_What you are asked to do_
Output, word for word, the lines of this listing that fall between the line with "The Best Electronic" and the line with "Lifestyle, summer holidays, technology", counting both of those lines, and no others.
::::::
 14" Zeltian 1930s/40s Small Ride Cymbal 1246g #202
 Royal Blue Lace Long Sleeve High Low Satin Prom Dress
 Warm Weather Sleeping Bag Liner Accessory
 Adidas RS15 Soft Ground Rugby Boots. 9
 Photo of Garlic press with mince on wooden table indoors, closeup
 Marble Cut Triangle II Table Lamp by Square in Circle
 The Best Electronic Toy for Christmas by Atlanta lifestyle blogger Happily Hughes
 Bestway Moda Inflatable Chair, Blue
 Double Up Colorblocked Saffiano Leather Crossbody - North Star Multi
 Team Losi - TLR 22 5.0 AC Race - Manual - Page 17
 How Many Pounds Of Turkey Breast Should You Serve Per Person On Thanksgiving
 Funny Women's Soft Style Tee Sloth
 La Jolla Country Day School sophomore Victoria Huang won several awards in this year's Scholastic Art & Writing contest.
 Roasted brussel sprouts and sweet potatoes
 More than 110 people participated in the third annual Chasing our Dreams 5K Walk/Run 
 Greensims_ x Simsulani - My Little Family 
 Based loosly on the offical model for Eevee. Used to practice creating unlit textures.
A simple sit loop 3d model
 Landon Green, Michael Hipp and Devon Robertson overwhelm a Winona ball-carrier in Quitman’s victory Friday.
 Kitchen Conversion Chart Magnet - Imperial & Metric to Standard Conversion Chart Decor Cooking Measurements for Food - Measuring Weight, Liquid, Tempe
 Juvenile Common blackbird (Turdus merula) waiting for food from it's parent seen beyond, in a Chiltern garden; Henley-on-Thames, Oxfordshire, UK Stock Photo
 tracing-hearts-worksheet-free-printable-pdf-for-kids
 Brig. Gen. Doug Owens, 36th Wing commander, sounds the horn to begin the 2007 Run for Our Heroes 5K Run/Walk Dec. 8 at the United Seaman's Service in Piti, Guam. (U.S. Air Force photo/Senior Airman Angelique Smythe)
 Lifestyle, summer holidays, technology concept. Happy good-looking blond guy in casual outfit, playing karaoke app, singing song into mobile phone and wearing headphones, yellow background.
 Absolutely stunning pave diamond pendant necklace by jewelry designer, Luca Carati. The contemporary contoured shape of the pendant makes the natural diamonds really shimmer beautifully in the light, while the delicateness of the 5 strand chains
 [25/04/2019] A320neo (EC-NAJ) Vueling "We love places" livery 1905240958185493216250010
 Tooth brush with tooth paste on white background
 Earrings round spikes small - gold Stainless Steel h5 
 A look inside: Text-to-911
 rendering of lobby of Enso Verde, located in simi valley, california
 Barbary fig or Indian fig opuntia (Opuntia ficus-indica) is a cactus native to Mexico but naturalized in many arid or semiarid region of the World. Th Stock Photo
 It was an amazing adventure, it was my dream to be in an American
::::::
_Task output_
 The Best Electronic Toy for Christmas by Atlanta lifestyle blogger Happily Hughes
 Bestway Moda Inflatable Chair, Blue
 Double Up Colorblocked Saffiano Leather Crossbody - North Star Multi
 Team Losi - TLR 22 5.0 AC Race - Manual - Page 17
 How Many Pounds Of Turkey Breast Should You Serve Per Person On Thanksgiving
 Funny Women's Soft Style Tee Sloth
 La Jolla Country Day School sophomore Victoria Huang won several awards in this year's Scholastic Art & Writing contest.
 Roasted brussel sprouts and sweet potatoes
 More than 110 people participated in the third annual Chasing our Dreams 5K Walk/Run 
 Greensims_ x Simsulani - My Little Family 
 Based loosly on the offical model for Eevee. Used to practice creating unlit textures.
A simple sit loop 3d model
 Landon Green, Michael Hipp and Devon Robertson overwhelm a Winona ball-carrier in Quitman’s victory Friday.
 Kitchen Conversion Chart Magnet - Imperial & Metric to Standard Conversion Chart Decor Cooking Measurements for Food - Measuring Weight, Liquid, Tempe
 Juvenile Common blackbird (Turdus merula) waiting for food from it's parent seen beyond, in a Chiltern garden; Henley-on-Thames, Oxfordshire, UK Stock Photo
 tracing-hearts-worksheet-free-printable-pdf-for-kids
 Brig. Gen. Doug Owens, 36th Wing commander, sounds the horn to begin the 2007 Run for Our Heroes 5K Run/Walk Dec. 8 at the United Seaman's Service in Piti, Guam. (U.S. Air Force photo/Senior Airman Angelique Smythe)
 Lifestyle, summer holidays, technology concept. Happy good-looking blond guy in casual outfit, playing karaoke app, singing song into mobile phone and wearing headphones, yellow background.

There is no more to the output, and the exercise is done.